This is a simple demo of the IRIS with RAG (Retrieval Augmented Generation) example.
The backend is written in Python using IRIS and IoP, the LLM model is orca-mini
and served by the ollama
server.
The frontend is an chatbot written with Streamlit.
RAG stand for Retrieval Augmented Generation, it bring the ability to use an LLM model (GPT-3.5/4, Mistral, Orca, etc.) with a knowledge base.
Why is it important? Because it allows to use an knowledge base to answer questions, and use the LLM to generate the answer.
For example, if you ask "What is the grongier.pex module?" directly to the LLM, it will not be able to answer, because it does not know what is this module (and maybe you don't know it either 🤪).
But if you ask the same question to RAG, it will be able to answer, because it will use the knowledge base that know what grongier.pex module is to find the answer.
Now that you know what is RAG, let's see how it works.
First, we need to understand how LLMS works. LLMS are trained to predict the next word, given the previous words. So, if you give it a sentence, it will try to predict the next word, and so on. Easy, right?
To interact with an LLM, usually you need to give it a prompt, and it will generate the rest of the sentence. For example, if you give it the prompt What is the grongier.pex module?
, it will generate the rest of the sentence, and it will look like this:
I'm sorry, but I'm not familiar with the Pex module you mentioned. Can you please provide more information or context about it?

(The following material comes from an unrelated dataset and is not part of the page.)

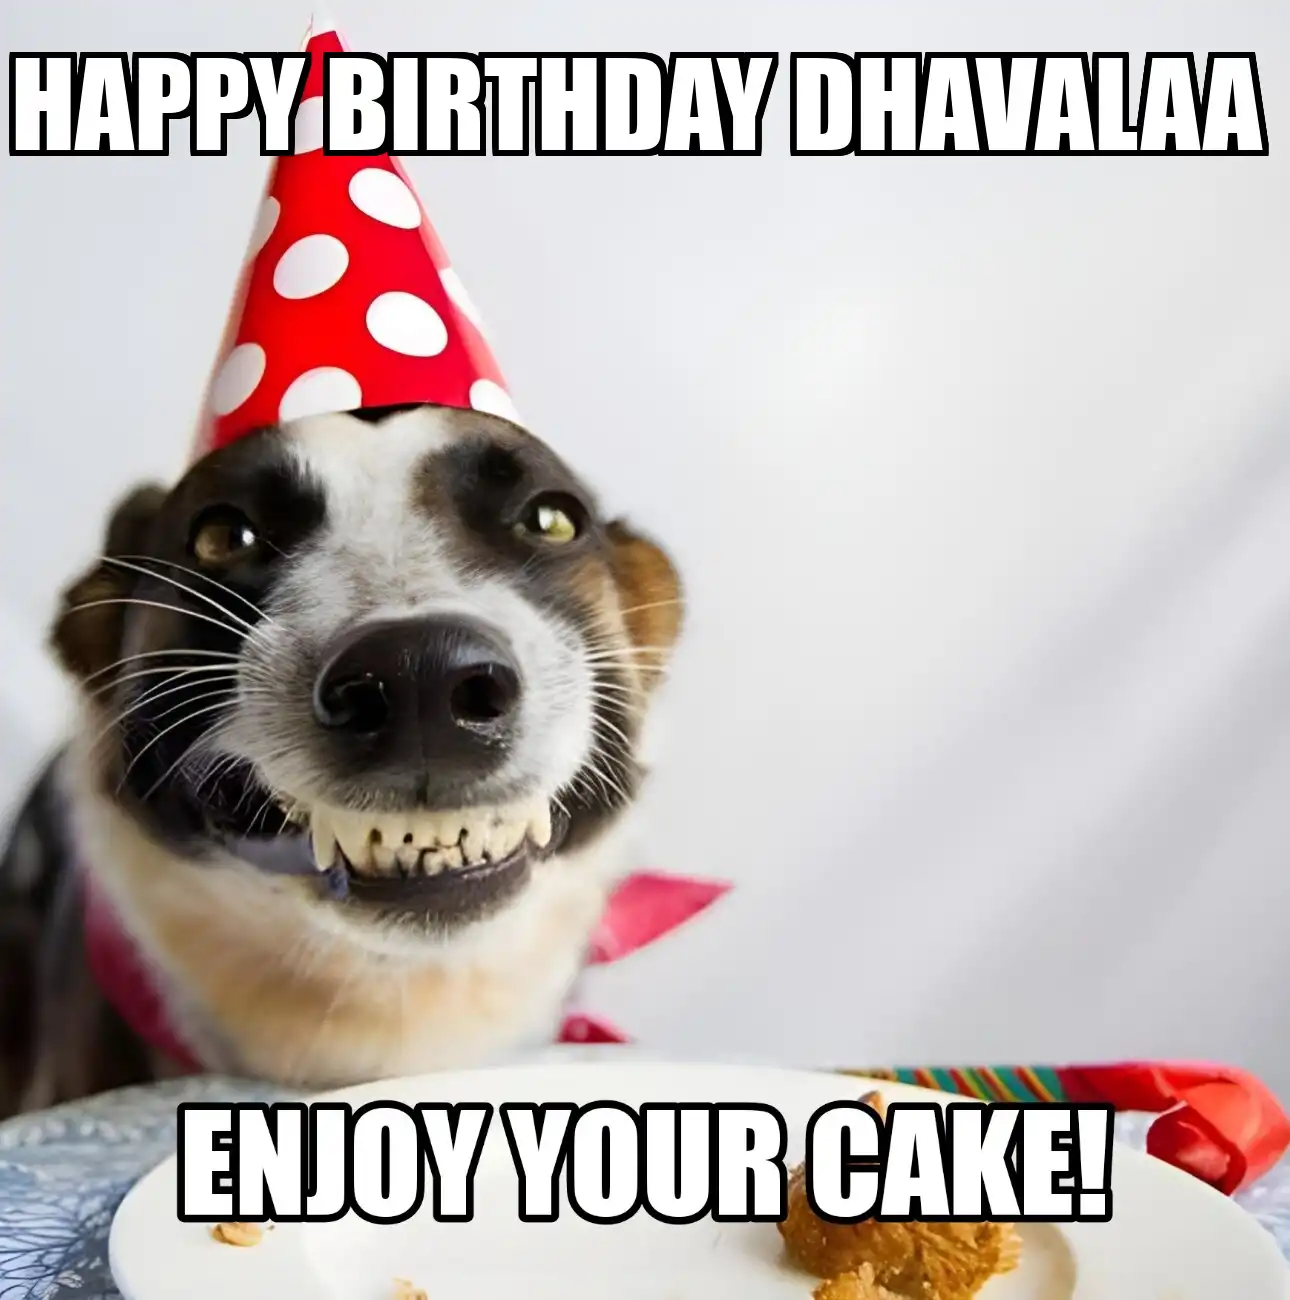 Happy Birthday Dhavalaa Enjoy Your Cake Dog Meme

Ok, as expected, it does not know what is the grongier.pex module. But what if we give it a prompt that contains the answer? For example, if we give it the prompt What is the grongier.pex module? It is a module that allows you to do X, Y and Z.

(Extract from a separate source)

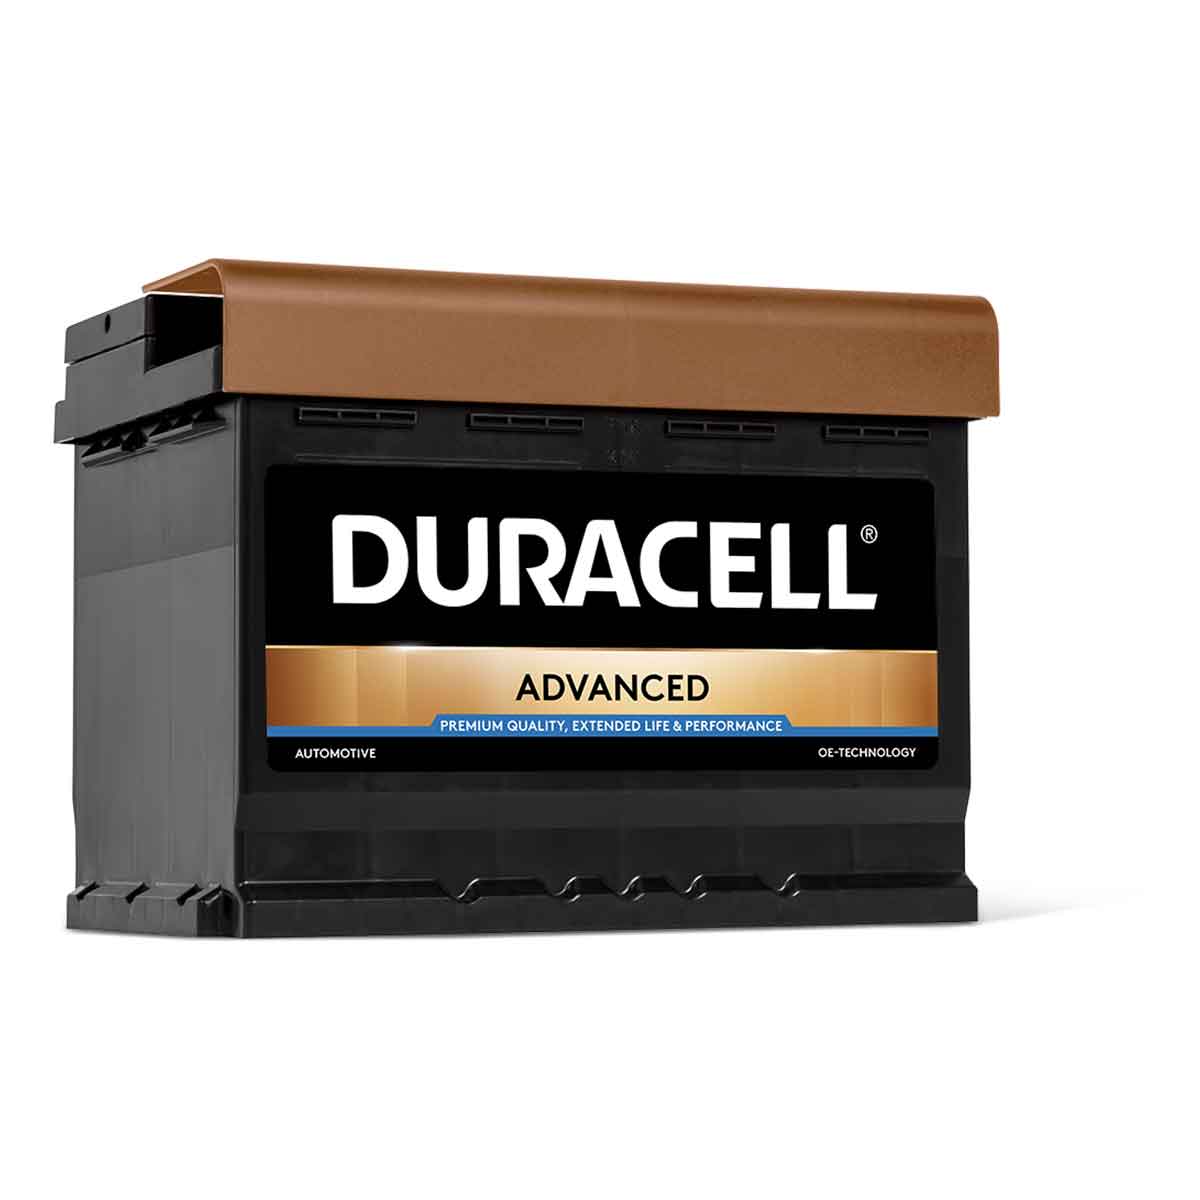 Duracell-Advanced_range.jpg

, it will generate the rest of the sentence, and it will look like this:
The grongier.pex module is a module that allows you to do X, Y and Z.
Ok, now it knows what is the grongier.pex module.
But what if we don't know what is the grongier.pex module? How can we give it a prompt that contains the answer? Well, that's where the knowledge base comes in.
The whole idea of RAG is to use the knowledge base to find the context, and then use the LLM to generate the answer.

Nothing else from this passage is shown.